Participation: The following chart uses different methodologies for objectively showing the depth and trend of participation for intermediate- and long-term time frames.
- The Silver Cross Index (SCI) shows the percentage of SPX stocks on IT Trend Model BUY signals (20-EMA > 50-EMA).
- The Golden Cross Index (GCI) shows the percentage of SPX stocks on LT Trend Model BUY signals (50-EMA > 200-EMA).
- The Bullish Percent Index (BPI) shows the percentage of SPX stocks on Point & Figure BUY signals.
All three of these indicators declined today.

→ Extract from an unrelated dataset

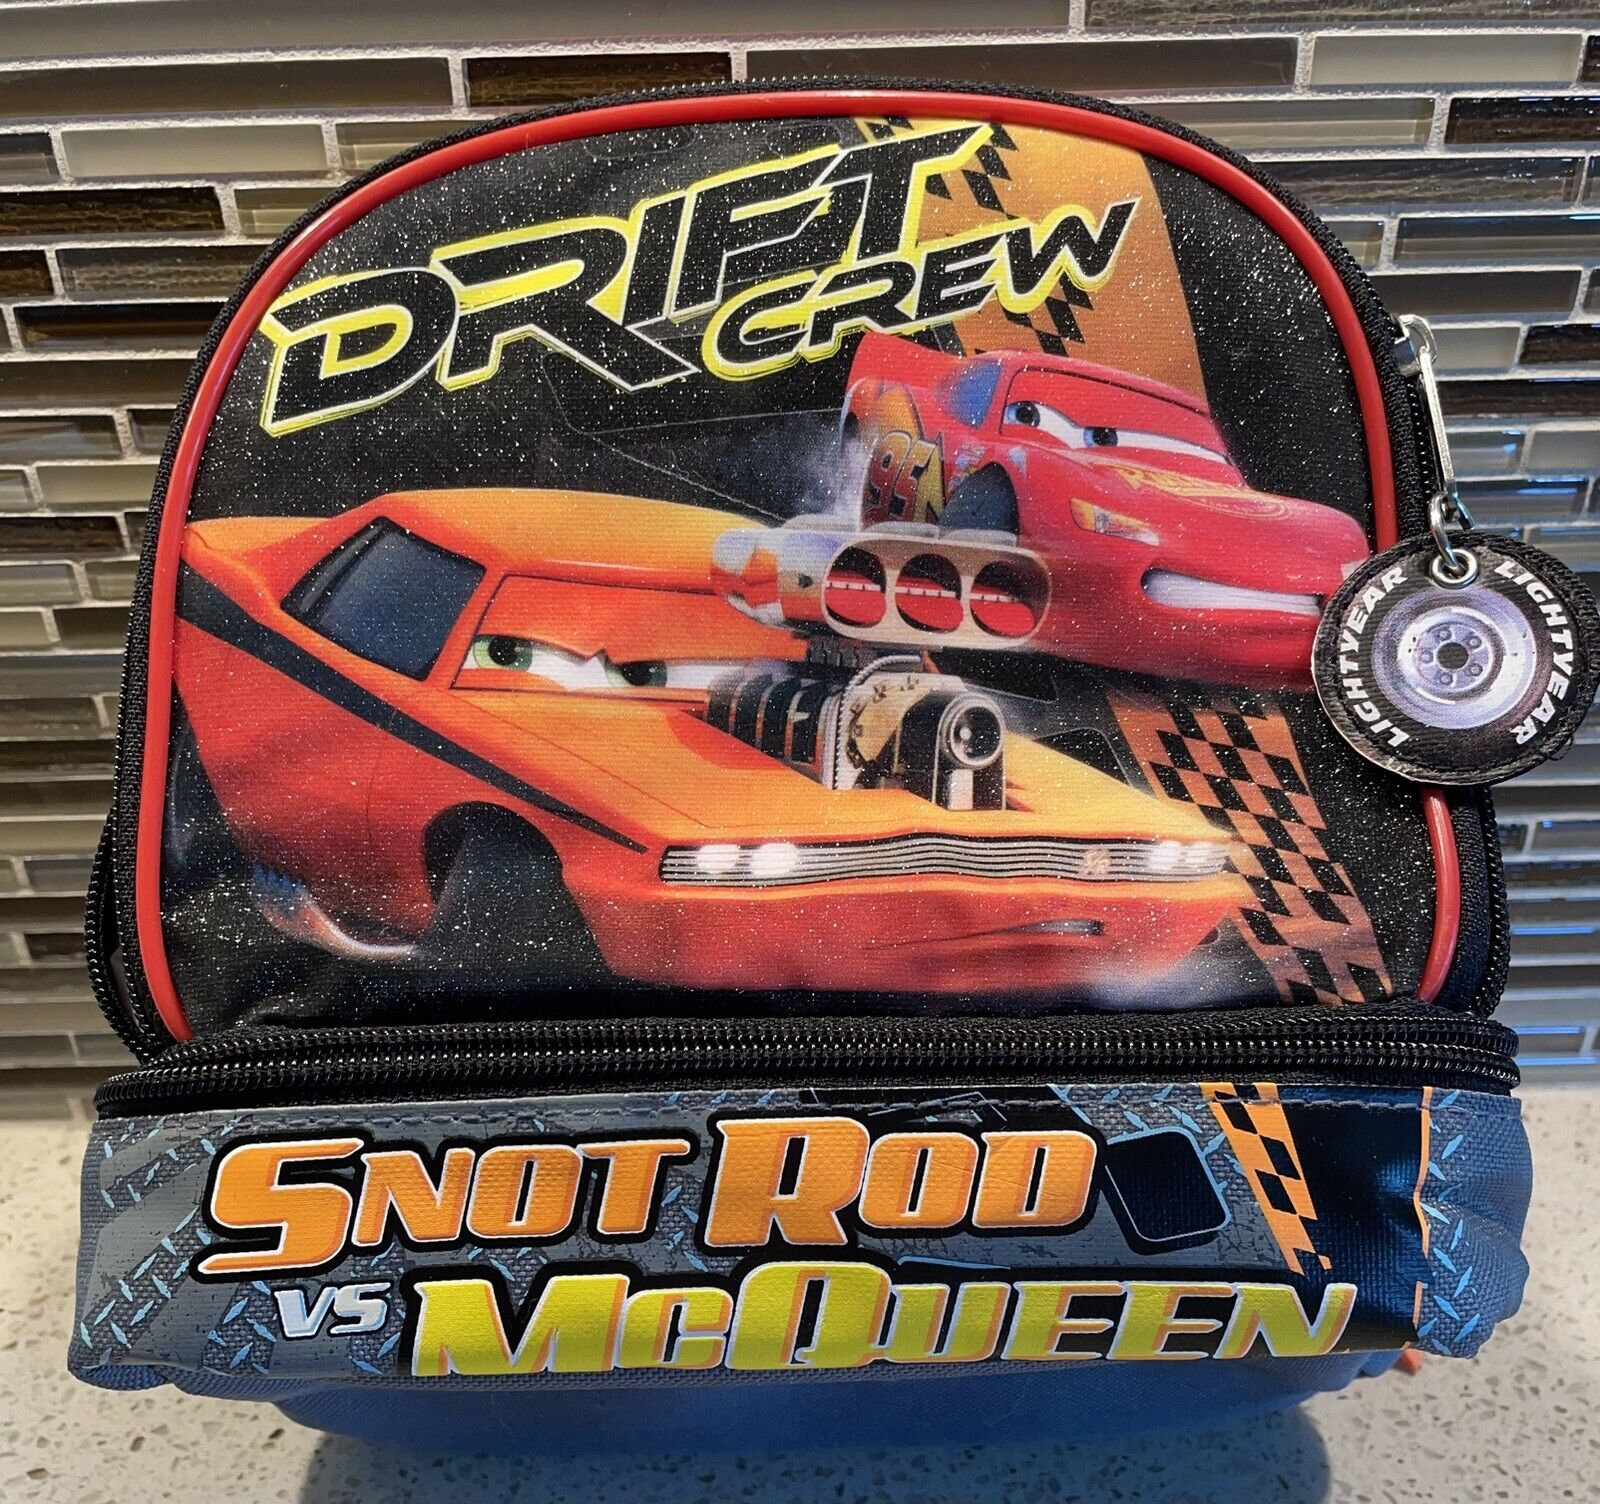 Disney Pixar Cars Drift Crew Snot Rod vs McQueen Soft Sided Insulated Lunch Box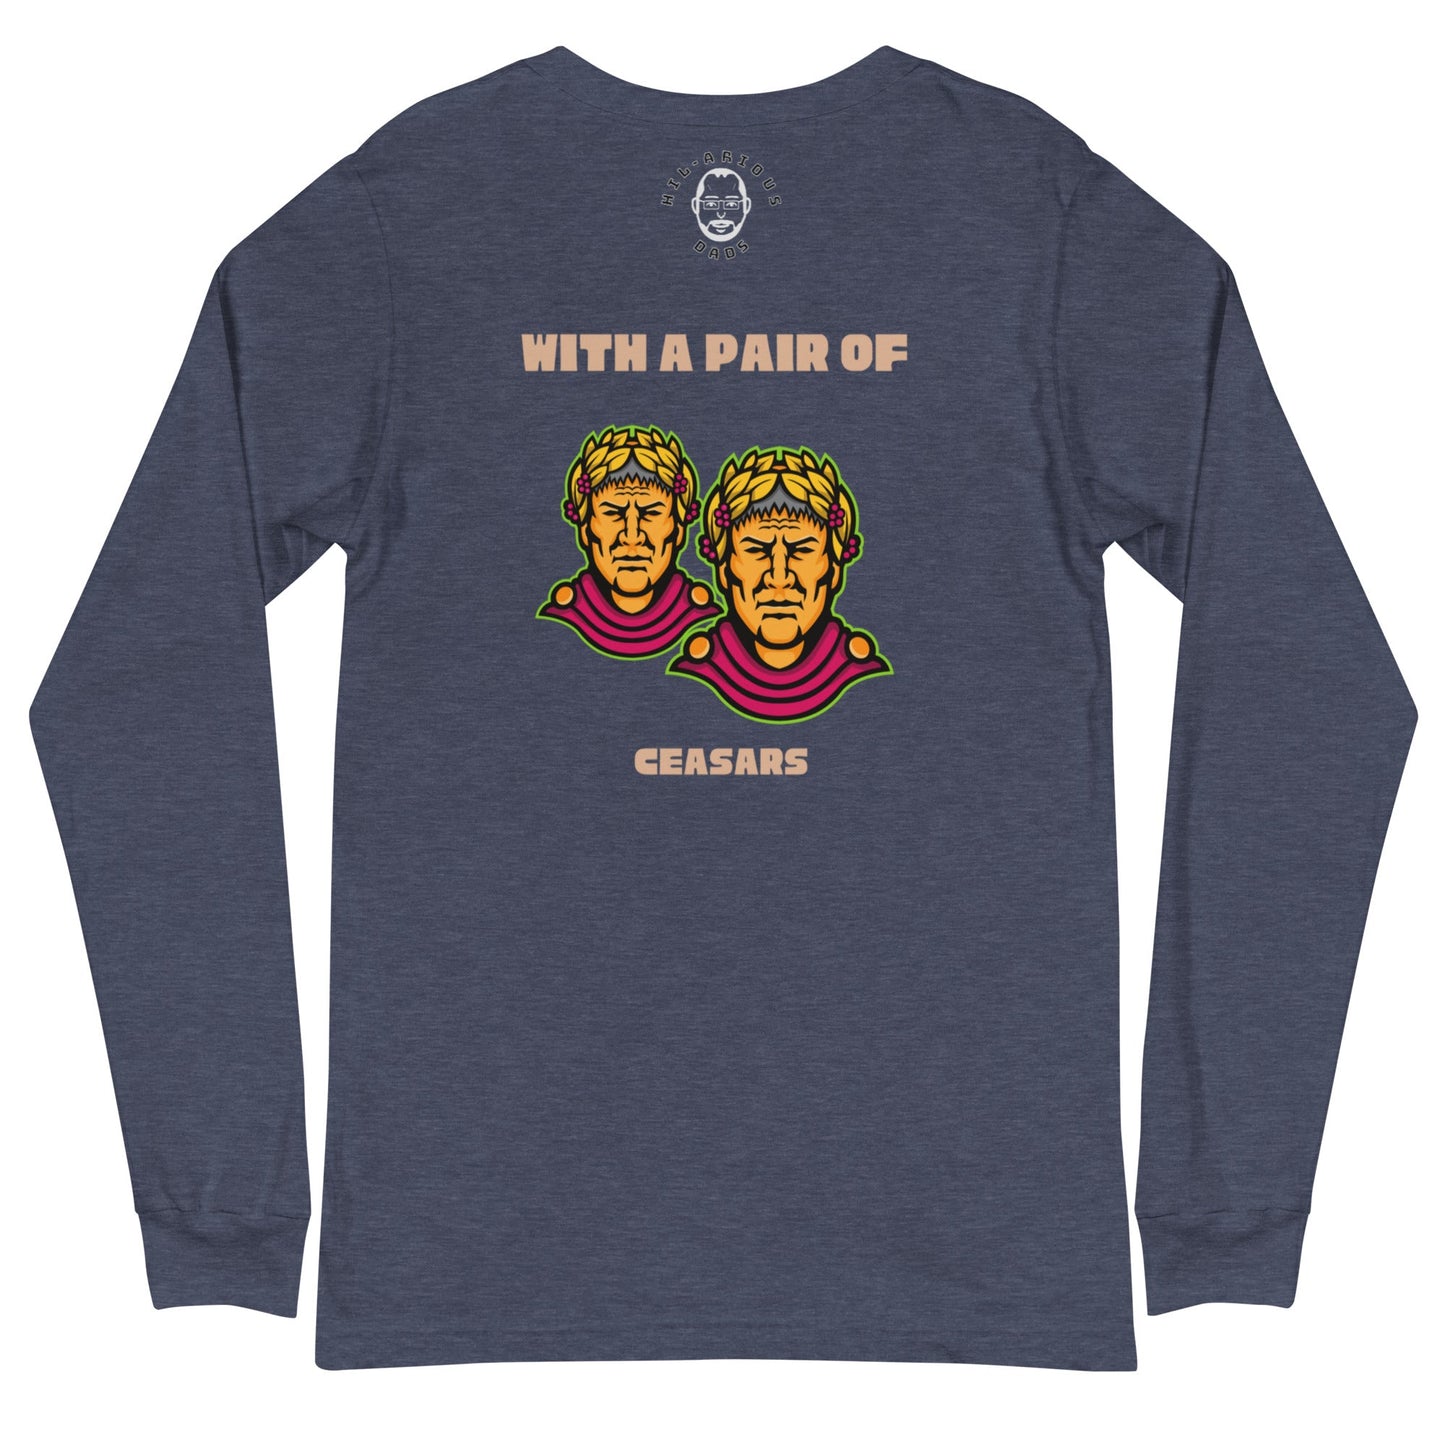 How was Rome split in two?-Long Sleeve Tee - Hil-arious Dads

This seals the negative divergences that set up before the current price decline.
Not surprisingly, participation continues to wane as more stocks lose support at their 20/50-EMAs. We aren't seeing much damage in the long term, but those readings are still very overbought.
Climactic Market Indicators: No climaxes today, but New Highs continue to decrease. The VIX also has a lovely rainbow above its head as it topped in overbought territory on the inverted log scale. It remains precariously above its EMA. I consider a VIX above its EMA to imply internal strength, however seeing it rolling over leads me to believe that is melting away (remember the "thin ice" reference?).
Short-Term Market Indicators: The short-term market trend is DOWN and the condition is NEUTRAL.
These indicators have moved into a neutral position but they are still declining. More deterioration can be seen on the %Stocks indicators continue to decline and are far from being oversold.
Intermediate-Term Market Indicators: The intermediate-term market trend is UP and the condition is OVERBOUGHT. The intermediate-term market bias is BULLISH.
These indicators have now topped. This sets up a strong negative divergence in the intermediate term.
CONCLUSION: Price is peaking along with all of our indicators in all timeframes. Were any of them rising? The answer is "no". Just scroll back up. We don't usually see every indicator in decline so the bullish bias is slipping away. Short-term support is available at 385, but given the context of bearish indicators everywhere, I have changed my mind about it holding up for any period of time. I highly doubt price will rebound in a meaningful way at the 20-EMA. I'll be reevaluating all positions in my portfolio, likely shedding the majority of my short-term investments.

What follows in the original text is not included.